Apparently…I’ve become a rodent whisperer!
It’s not by choice, oh not at all! But, choice or no, it seems it’s what I’ve become.
Either that, or, whenever I roll into a place to stay for awhile, the wily critters get the idea that I’ve just procured a gleaming, post-modernist condo for them, complete with water and waste facilities (i.e. my kitchen cabinets!) and, the finest of rodent dining experiences…all gratis, of course!
Last fall, at Casa de Fruta,the site of The Northern California Renaissance Faire, it was a rat…a large, sleek, dark brown rat with the biggest, blackest, most soulful eyes. I know this because he showed himself, one night while I was watching TV . Came out of the cabinet and looked at me. Maybe he was judging my movie choices, or maybe he was upset at me for disturbing his early evening nap (turn about fair play, I say!)or maybe he just didn’t realize that I was home. Doesn’t matter. The fact is, I SAW him, and he was big! And he looked right at me.
Now, I have to say, I don’t actually hate rats. I used to have pet rats, as a matter of fact, when my son was a boy. I found them to be smart and sweet and social…well, some of them were smart and sweet and social, and some of them were assholes, kinda like people! This guy looked sweet, with those big ol’ eyes, but, rats bite, you know, so I didn’t get too close. What I did do, however, was change the poison…yes, poison! I know, I’m mean, and I’m horrible, but the “deterrents” I bought didn’t do crap, and this big ol’ guy was busy remodeling my trailer every night from midnight to 6am. He was a busy little beaver…okay, a rat, a busy little rat! He worked and worked and moved as much insulation as he could from the walls to the drawers, and underneath the kitchen cabinets. And he stole things, weird things, things you wouldn’t think a rat would want, like yellow tailors marking crayons (they just KEPT disappearing, and everytime I needed to cut some fabric I had to scrounge for something to mark with. I muttered at myself a lot during this time period, before I knew the rat was a thief:”when ya gonna learn to put things back where they belong, Darla dear?” and “I KNOW I left the crayon on the table last night, but it’s just not there now, dammit!”) He also stole my dogs medicated eyedrops, don’t ask me why, but he did!

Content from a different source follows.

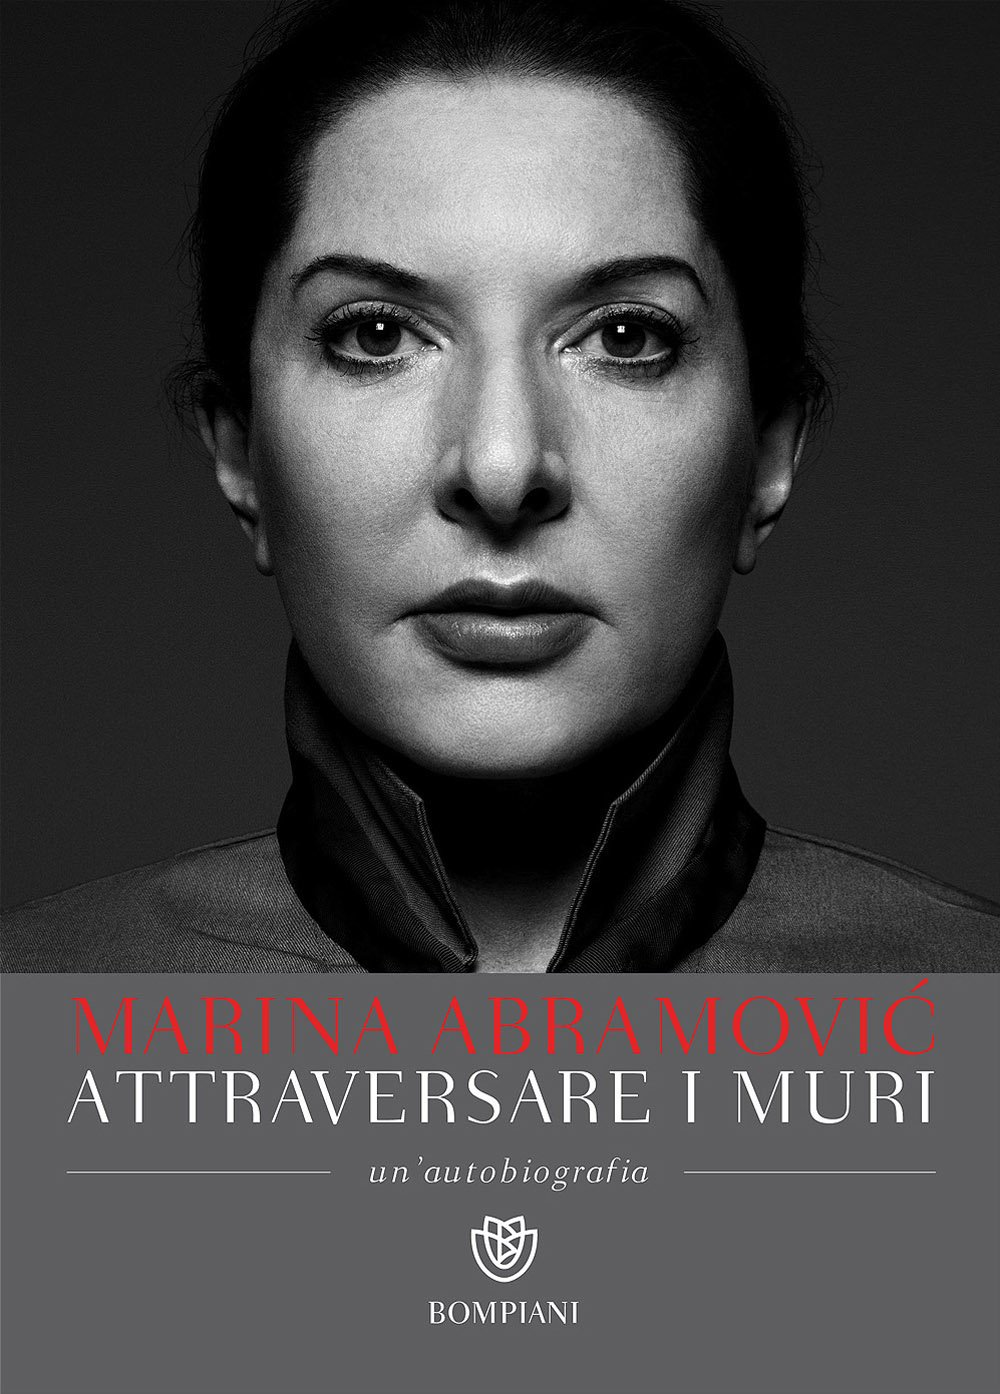 Attraversare i muri. Un'autobiografia: 1 Copertina flessibile – 24 nov 2016 Marina Abramovic James Kaplan A. Pezzotta Bompiani

So, I changed the poison. Prior to seeing him, I thought he was a mouse, his droppings were too small to be a rat, or so it seemed. Not so. It was indeed a rat. (No wonder the trailer was starting to smell. Uck!) Did you know that mouse poison doesn’t work on rats? No? Neither did I, but it doesn’t. Probably gives them a tummy ache, but doesn’t do them in. Says so right on the box.
Nor, apparently, does it stop their nocturnal remodeling.
I got to work on getting rid of ol’ brown eyes. I cleaned all the cabinets, pulled out the drawers, emptied the droppings and disinfected! (again, rat droppings, ewww!) I also found the nest he was making in one of the kitchen drawers, and I threw away the fall leaves, the bits of insulation, and foodstuffs he used in this elaborate bit of bachelor-pad decoration. (Hell, he probably had a rat sized mp3 player somewhere to play Esquivel when he entertained “The Ladies”!)
Found five yellow tailors crayons too! It was like Christmas morning!
I used a whole box of poison on this guy, spreading around the little blue cubes, one in each drawer, one under the sink, one in each cabinet. I was attempting to blitzkrieg this enemy rodent.
It didn’t work!
Oh, he ate the poison, alright, a bite or two, or a gnaw or three out of several of the cubes. Then he gathered them all up and stored them for safekeeping in the drawer he had designated for his nest. Covered them up with newly stolen insulation.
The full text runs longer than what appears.